Effect of Shear Stress, Corrosion Behavior, and Microstructural Analysis of Al7075-B₄C-TiO₂ Hybrid Metal Matrix Composite Fabricated by Electro-magnetic Stir Casting
Abstract
The present work delves into how the phenomena of shear stress and corrosion affect the structure of a hybrid metal matrix composite (HMMC) fabricated from the Al-7075 alloy strengthened with titanium dioxide (TiO2) and boron carbide (B4C) particles. To achieve better homogeneity and distribution of the reinforcements in the matrix, the electromagnetic stir casting method was employed to manufacture the composite. The plasticity and failure mechanisms of the composite are characterized by testing specimens subjected to different shear stress conditions. On the other hand, corrosion activity in 3.5% NaCl solution was analyzed to investigate how catalysts affect the electrochemical stability of the alloy.

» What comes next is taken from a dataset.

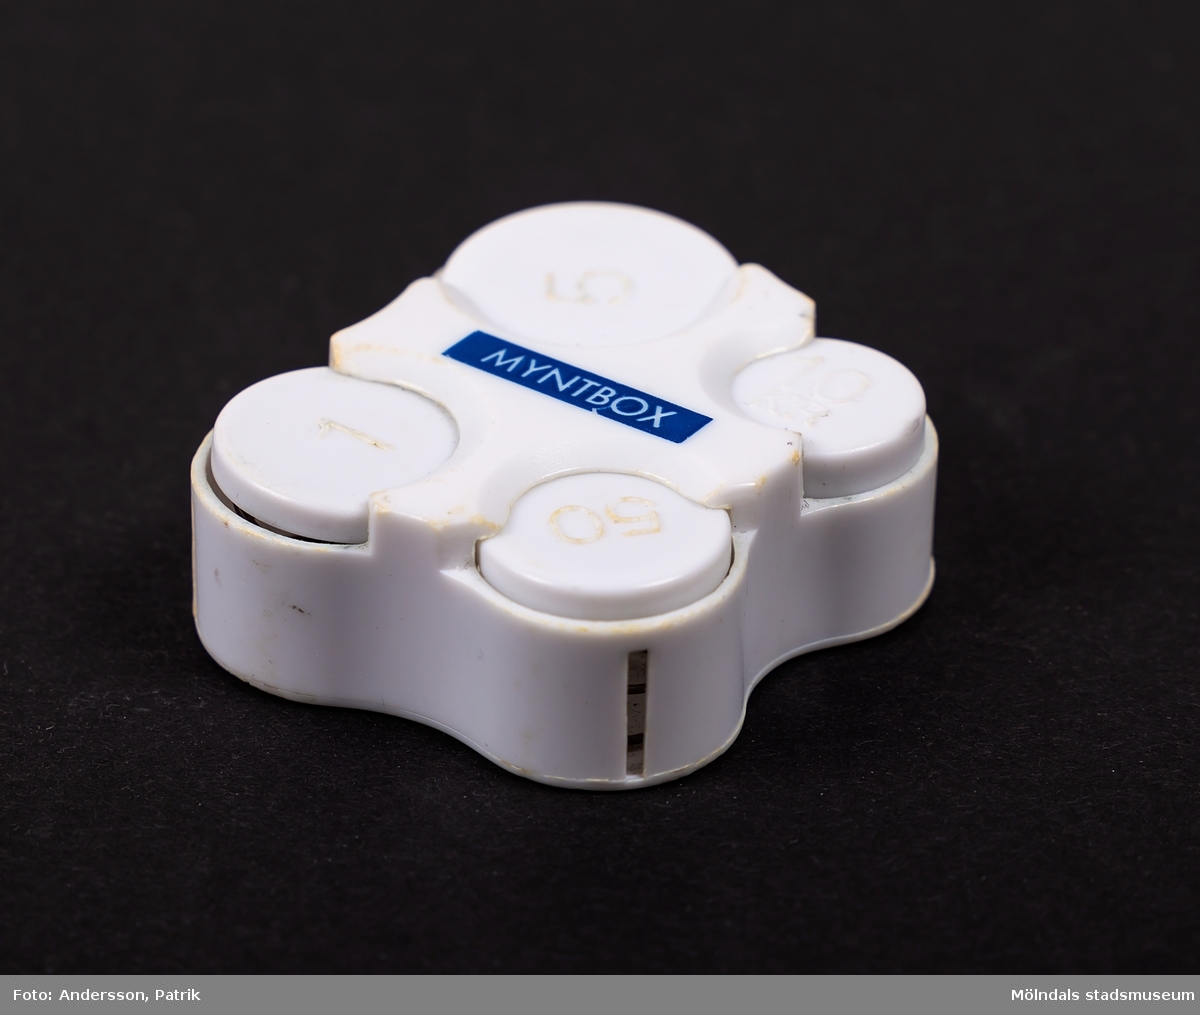 Myntbox i vit plast med texten MYNTBOX i vitt på blå botten. Mynthållaren har fack för femtioöringar, enkronor, femkronor och tiokronorsmynt. 

Tillverkad 1991 eller senare, då tiokronorsmyntet lanserades det året.

Due to increased bonding and microstructural modification, shear strength is significantly increased due to the synergistic effect of B₄C and TiO₂. Nevertheless, the synergy of the two reinforcement types led to a complex response of corrosion resistance, with TiO2 affecting the general corrosion rate while B₄C facilitating the formation of the passive layer. The results demonstrate the importance of controlling mechanical stress and corrosion resistance, which also provides valuable information for applications in the aerospace, marine and aviation industries.